Esma Ben Said
08 Janvier 2018•Mise à jour: 09 Janvier 2018
AA/Bamako/Moussa Bolly
Une délégation de la Coordination des mouvements de l’Azawad (CMA-ex-rébellion touareg) s’est rendue au siège des Nations-unies à New York pour une mise au point de l’avancée du processus de paix au Mali, a appris lundi Anadolu de source proche de la coordination.
La (CMA) et le Gatia (Plateforme pro-Bamako), deux mouvements politico-militaires rivaux dans le Nord Mali, avaient décidé de mettre un terme aux affrontements fratricides qui les opposent de façon récurrente depuis plusieurs années, en signant un accord de cessation immédiate, totale et définitive de toute forme d'hostilités, en mai-juin 2015.
Mais, depuis, les deux parties ont violé à plusieurs reprises le cessez-le-feu.
C’est donc dans l’objectif de discuter des obstacles pour relancer la mise en œuvre de l’Accord pour la paix et la réconciliation nationale, que la délégation de l’ex-rébellion s’est rendue, durant le week-end, à New York, où elle a rencontré des membres du Conseil de sécurité.
Parmi les personnalités de l’ex-rébellion qui ont effectué ce voyage figuraient entre autres, les secrétaires généraux du MNLA (Mouvement national de libération de l'Azawad ) et du HCUA (Haut conseil pour l'unité de l'Azawad), respectivement Bilal Ag Acherif et Algabass Ag Intalla.
La délégation comptait aussi un haut représentant du Mouvement arabe de l’Azawad (MAA), Mohamed Ould Mahmoud dit «Mado» et le responsable des questions humanitaires du MNLA, Attaye Ag Mohamed.
La délégation a rencontré les membres du Conseil de sécurité de l’ONU pour faire part de «leurs observations sur les raisons de blocage et aussi les avancées du processus de paix», a indiqué à Anadolu un responsable de la CMA sous le couvert de l’anonymat.
Aucun communiqué officiel n’a sanctionné cette visite jusqu’à lundi 12h10 GMT.
Malgré un accord de paix, la situation sécuritaire reste particulièrement fragile au Mali où attaques et affrontements sporadiques continuent d’être enregistrés.

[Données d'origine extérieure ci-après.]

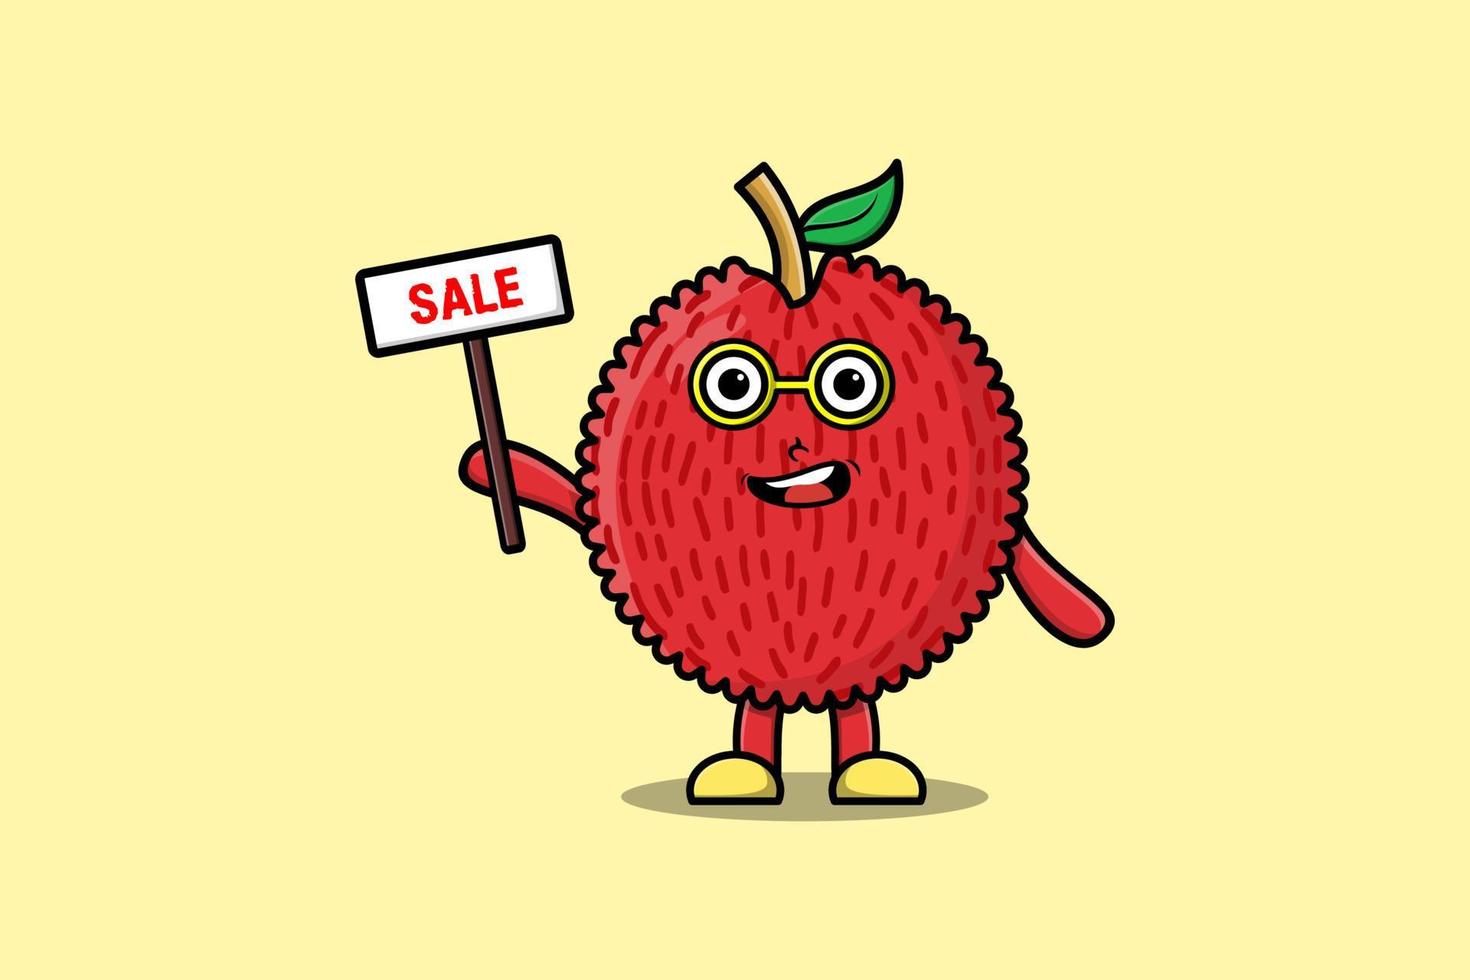 Cute cartoon Lychee character holding sale sign vector
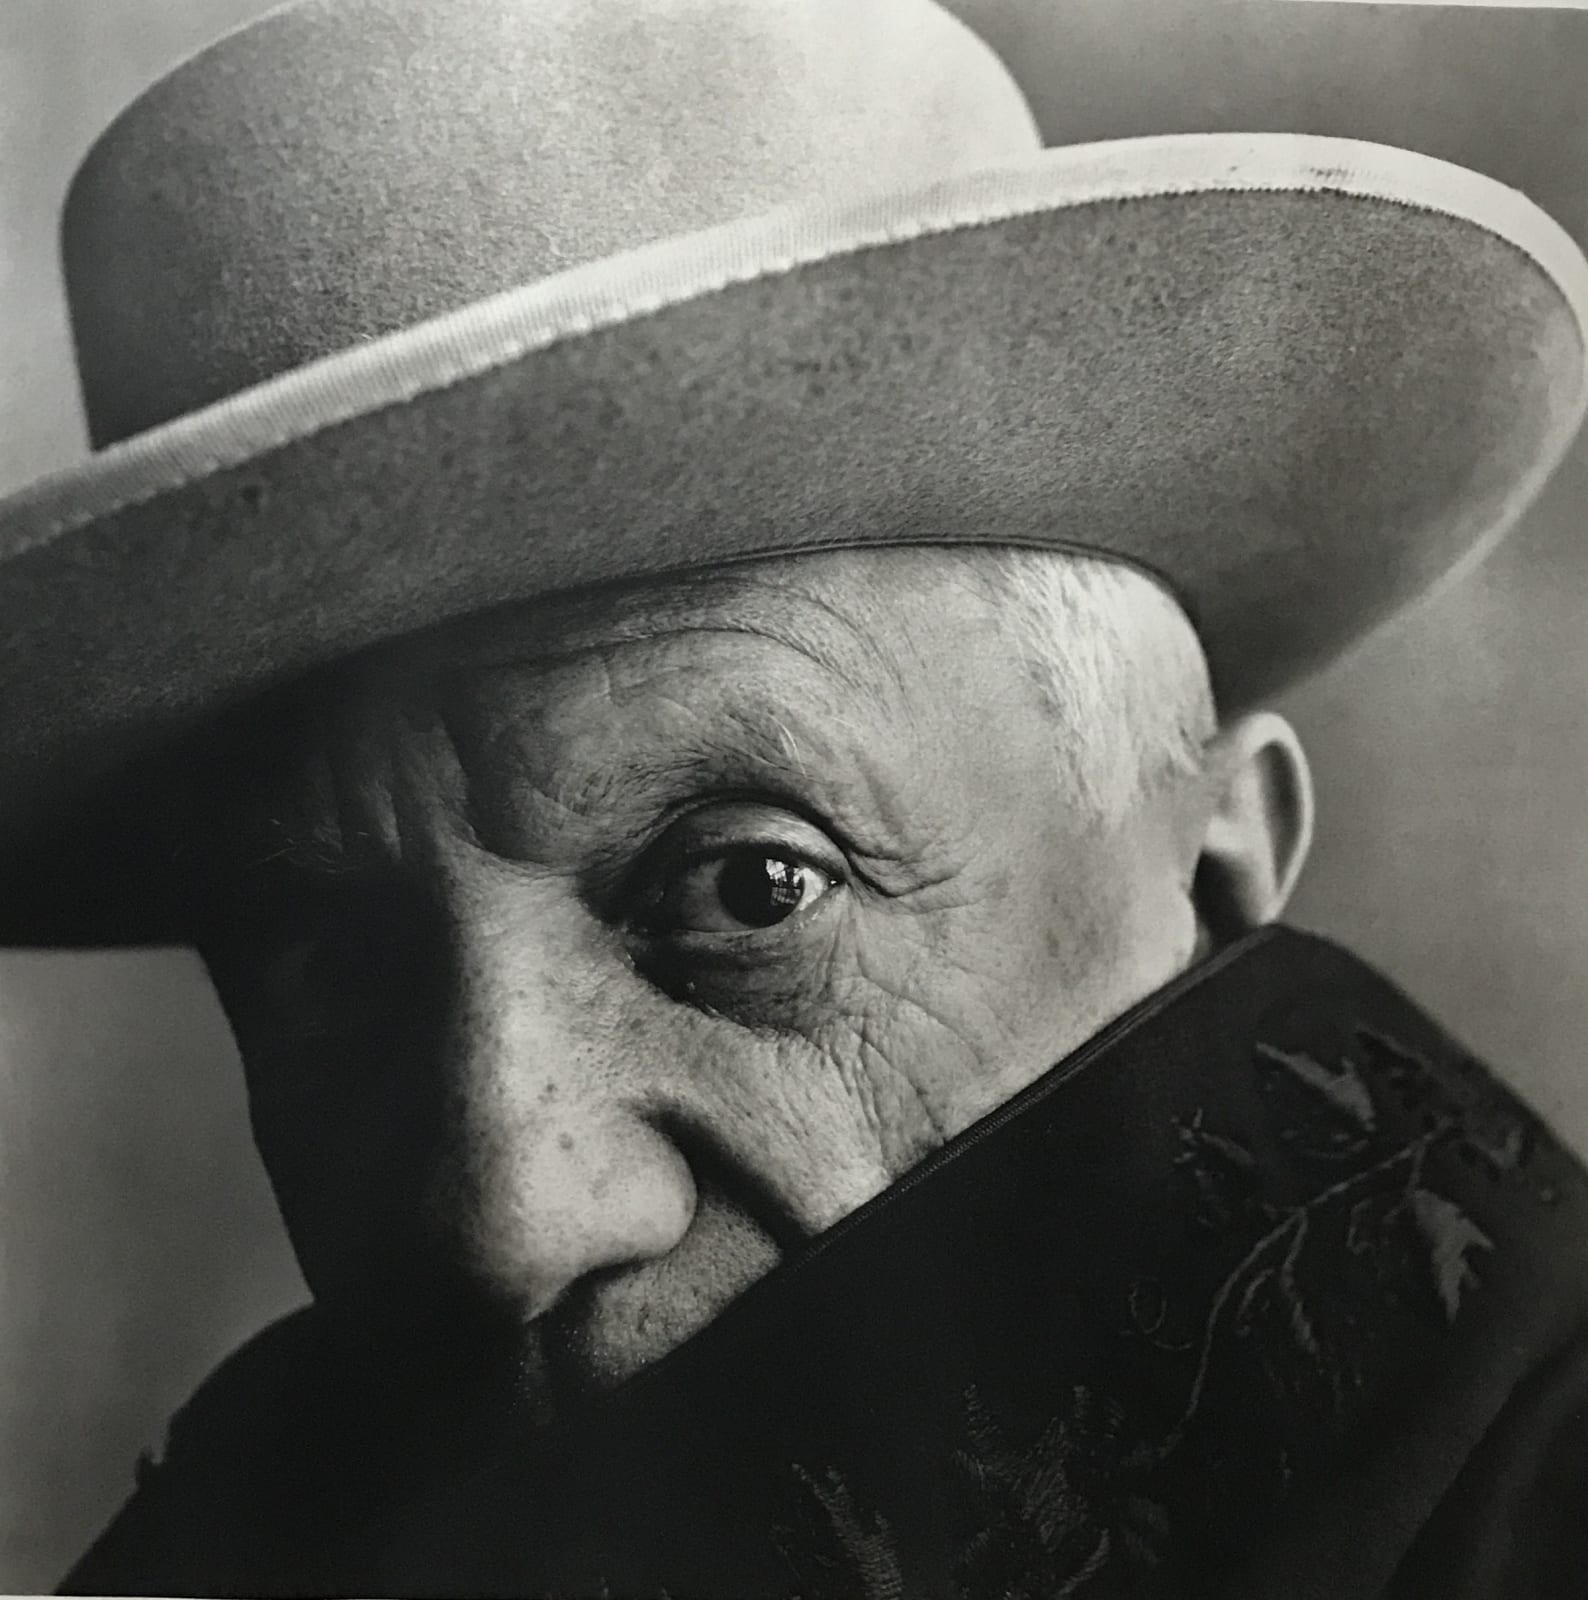 Irving Penn, Pablo Picasso (A), at Californie, Cannes, France, 1957

Alors qu’un nouveau gouvernement vient d’être mis en place, la CMA et la Plateforme semblent insatisfaites par le cours des évènements.
Les deux parties ont en effet récemment déploré, dans des communiqués distincts, ne pas avoir été consultées par le nouveau Premier ministre malien Soumeylou Boubèye Maïga, comme jadis le firent les précédents chefs de gouvernement, afin de constituer un gouvernement prenant en compte «les aspirations profondes des populations du nord/Azawad telles que évoquées dans l’Accord pour la paix et la réconciliation au Mali issu du processus d'Alger».
Les deux factions rivales avaient notamment rappelé au nouveau gouvernement «l’impérieuse nécessité d'une application intégrale et dans les meilleurs délais» dudit accord.
De son côté, le président malien Ibrahim Boubacar Keita, avait, lors du premier conseil des ministres de la nouvelle équipe, du 5 janvier 2018, exhorté le gouvernement « à poursuivre les efforts pour maintenir le climat de confiance entre les parties signataires de l’accord, tout en prenant en compte des aspirations des uns et des autres…».
«La paix ne sera durable qu’au prix d’une entente nationale. C’est dans ce cadre que la Charte pour la paix, l’unité et la réconciliation nationale, issue des conclusions de la Conférence d’entente nationale, propose des mesures d’amnistie en faveur de certains acteurs de la rébellion armée de 2012. Je vous demande d’initier très rapidement un projet de loi sur l’Entente nationale qui prendra en charge ces propositions», avait-il insisté.
Ce n’est pas la première fois que les ex-rebelles de la CMA se déplacent aux Etats-Unis. Ils sont fréquemment invités par l’ONG Independant Diplomat, une organisation qui s’efforce, entre autres, d’apporter des conseils diplomatiques et stratégiques aux acteurs non étatiques.